Услышав это, Кренкебиль медленно пожал плечами, обратил к полицейскому горестный взгляд и затем поднял его к небу. И этот взгляд говорил:
«Видит бог, разве я нарушитель законов? Разве я могу смеяться над постановлениями и указами, которые правят мной и моей тележкой? В пять часов утра я уже был на площади Центрального рынка, с семи часов утра я стираю себе руки об оглобли моей тележки и кричу: „Капуста, репа, морковь!“ Мне стукнуло уже шестьдесят лет. Я устал. А вы меня спрашиваете, не поднимаю ли я черное знамя восстания? Вы издеваетесь, и издеваетесь жестоко».
Ускользнуло ли значение этого взгляда от полицейского, или он ни в чем не находил оправдания неповиновению, но он только спросил Кренкебиля грубо и резко – понял ли тот его.
А как раз в эту минуту давка на улице Монмартр была чрезвычайная. Пролетки, дроги, фургоны, омнибусы, ломовые подводы, притиснутые друг к другу, соединились, казалось, в нечто целое. Над этим остановившимся дрожащим потоком взлетали крики и ругательства. Извозчики издали обменивались отчаянными ругательствами с мясниками, а кондуктора омнибусов обзывали Кренкебиля, считая его причиной затора, «поганым пореем».
Тем временем на тротуаре столпились любопытные, привлеченные спором. И полицейский, видя, что на него смотрят, думал только о том, чтобы показать свою власть.

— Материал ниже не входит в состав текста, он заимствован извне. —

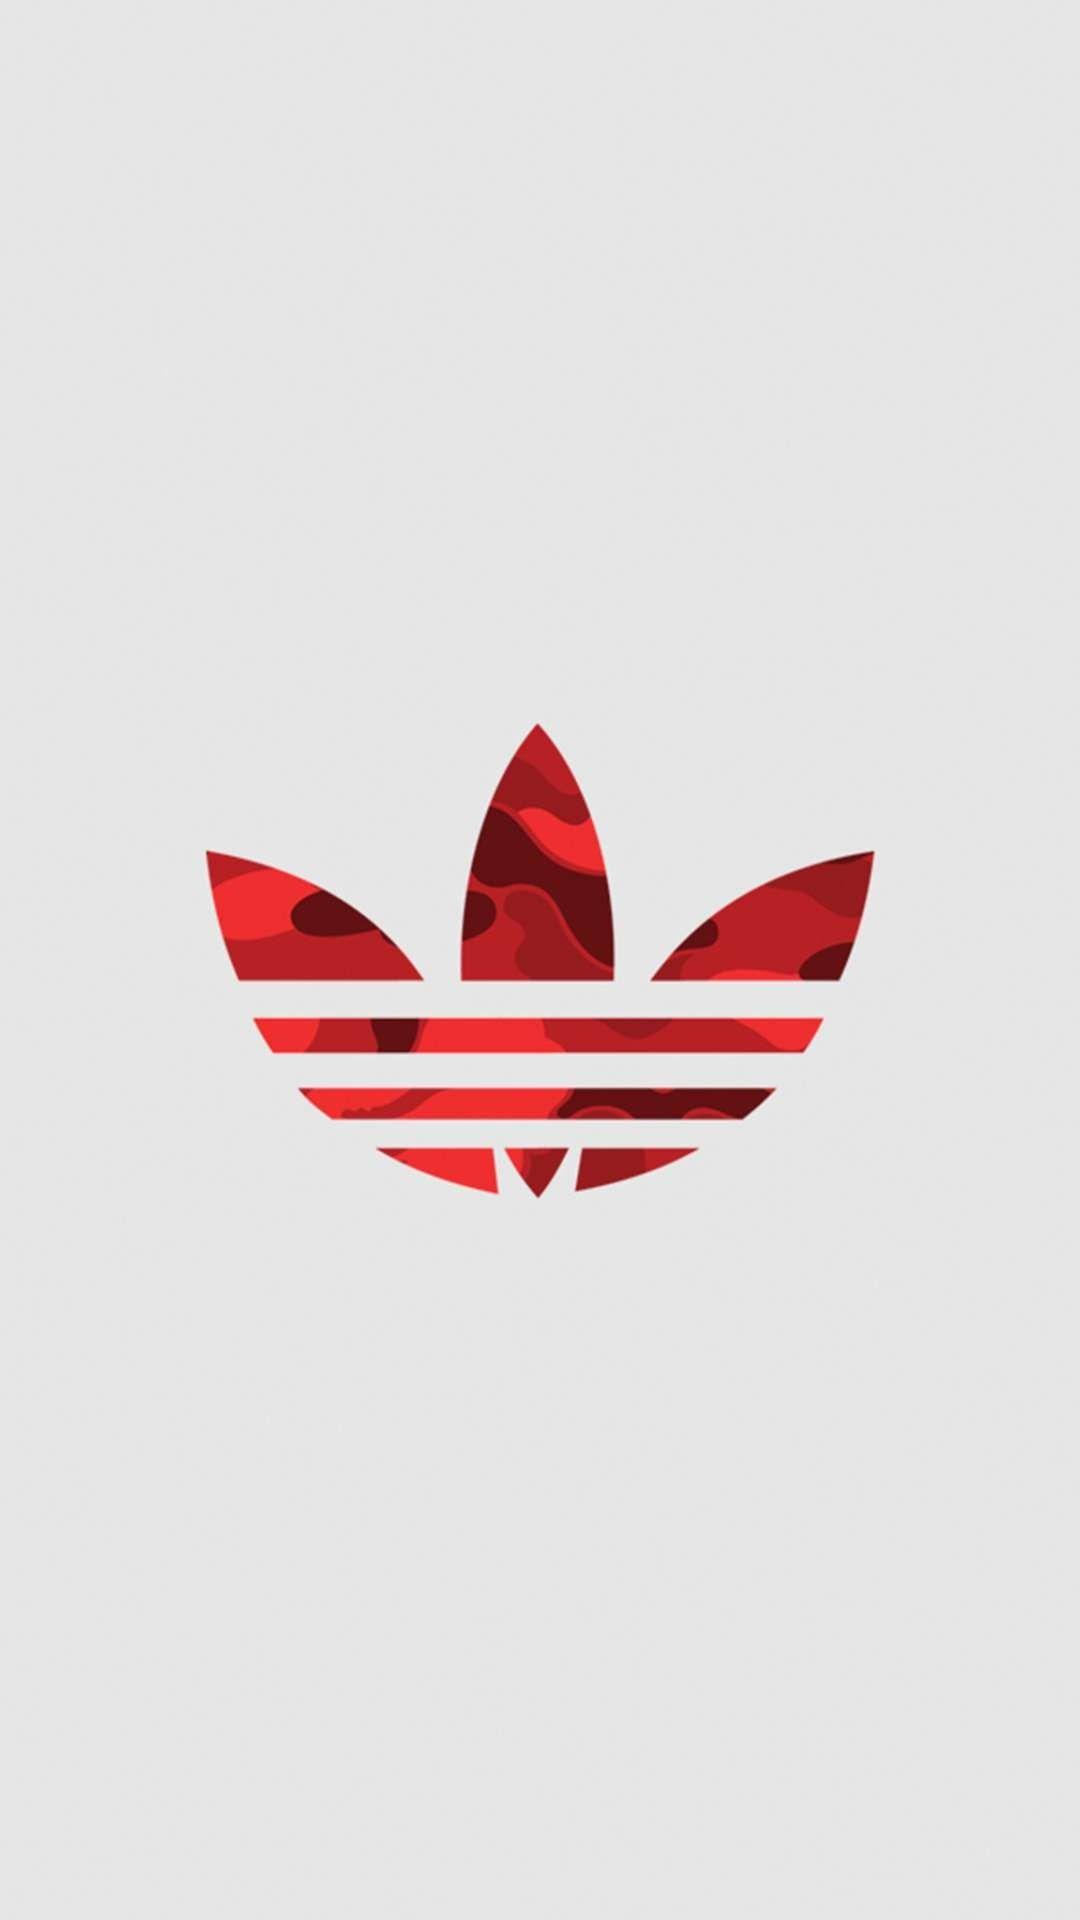 Supreme Adidas Logo - Nike & Adidas. Wallpaper, iPhone
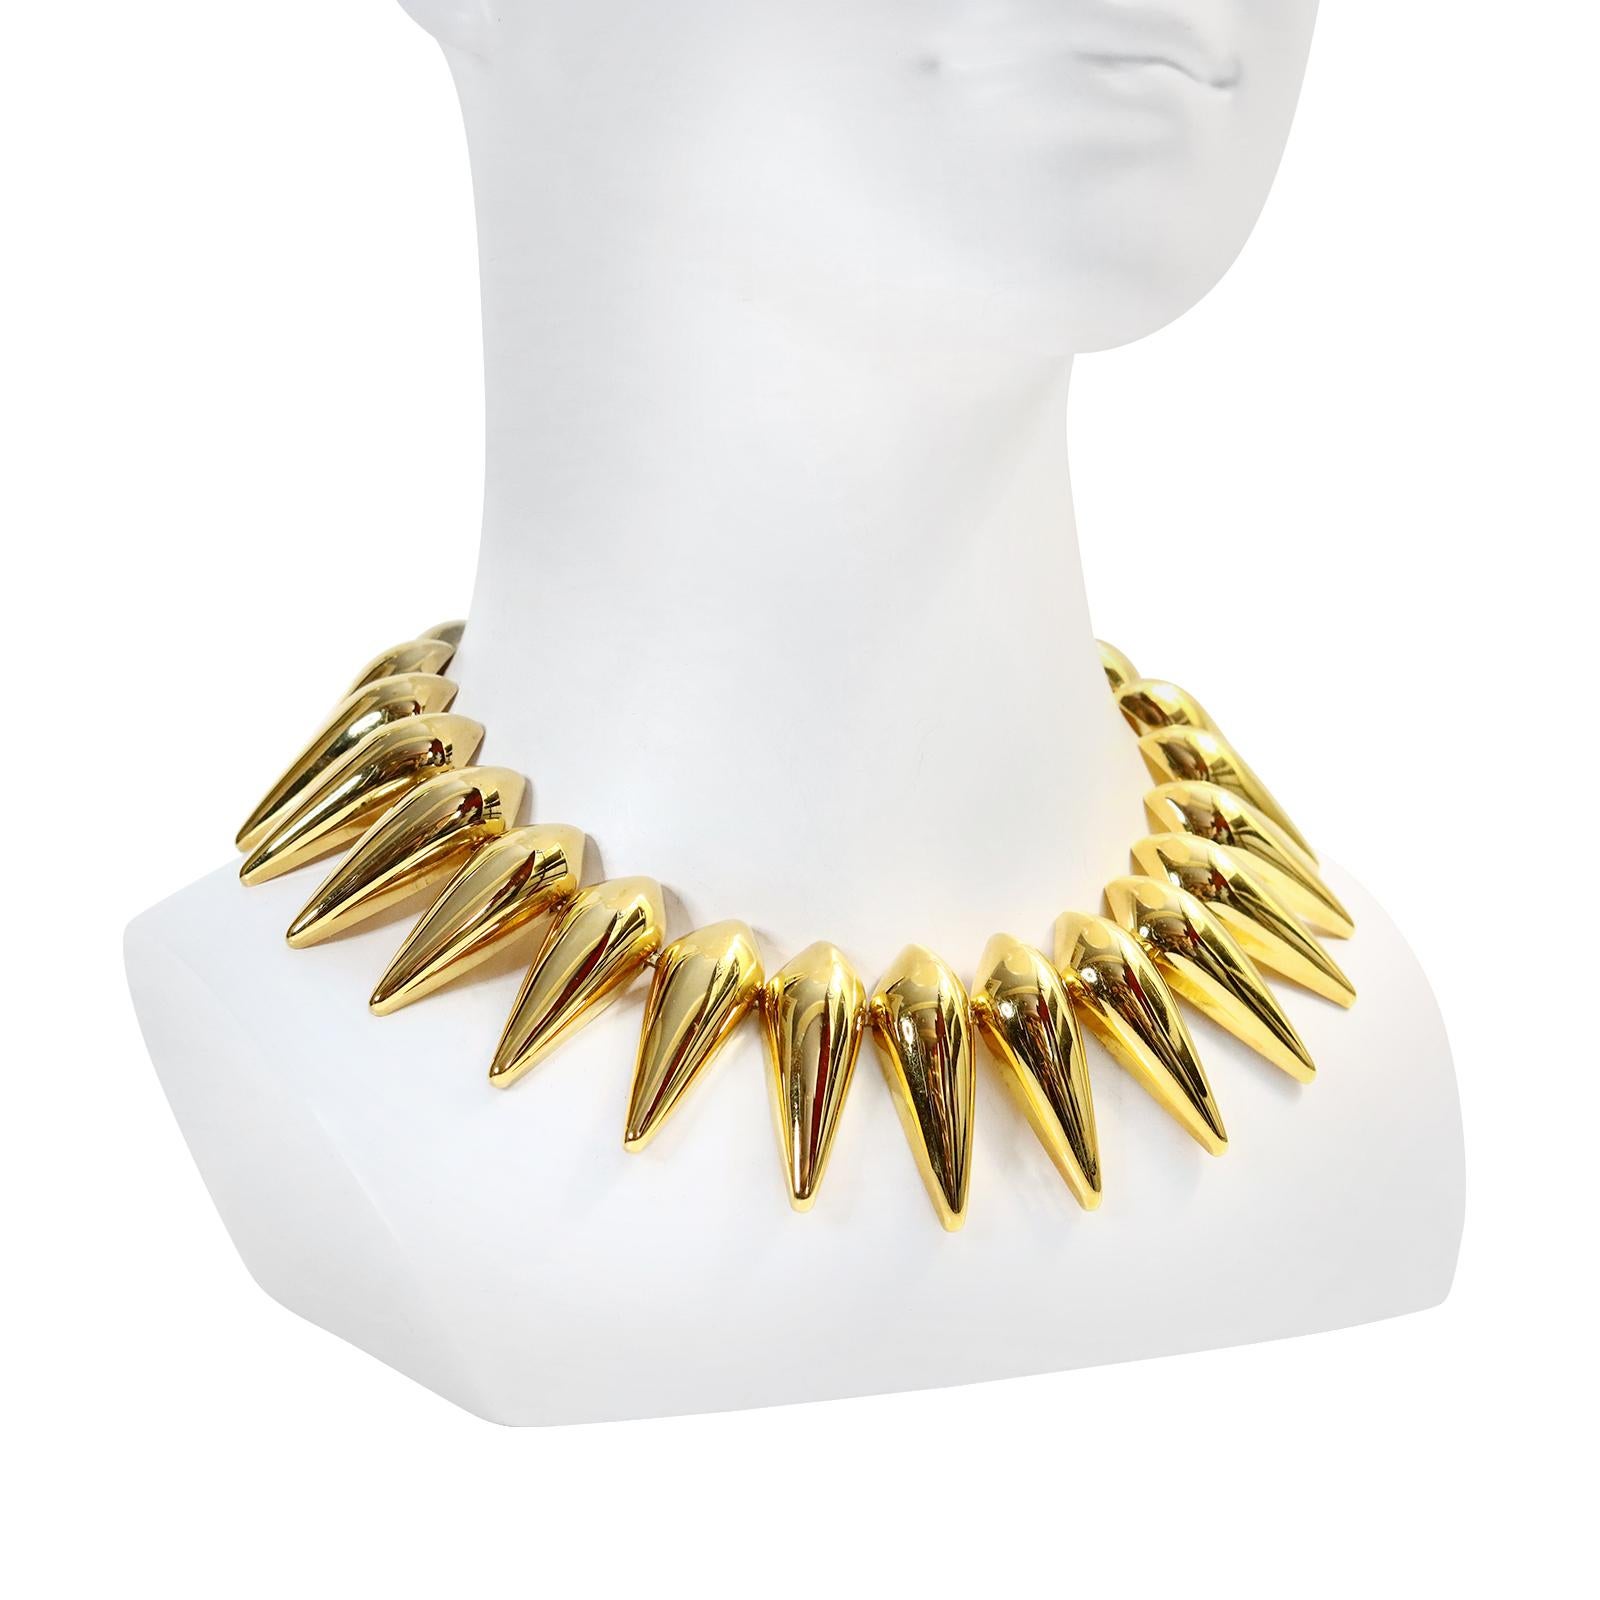 Vintage Monet Spiky Gold Tone Halskette CIRCA 1970s. Die Summe des Ganzen - so würde ich diese Halskette beschreiben.  Jedes Teil fügt sich zu einer Aussage zusammen.  Die Länge ist von 16-18

– Ну, хорошо, – сказал он. И вытащил из кармана засаленную записную книжку и огрызок карандаша.
Кренкебиль держался своего, следуя внутреннему побуждению. Да теперь ему и невозможно было двинуться ни вперед, ни назад. Колесо его тележки крепко застряло в колесе тележки молочника.
Он закричал, сбивая фуражку на затылок и теребя себя за волосы:
– Так я же вам говорю, что жду денег! Экая напасть! Вот беда, черт побери!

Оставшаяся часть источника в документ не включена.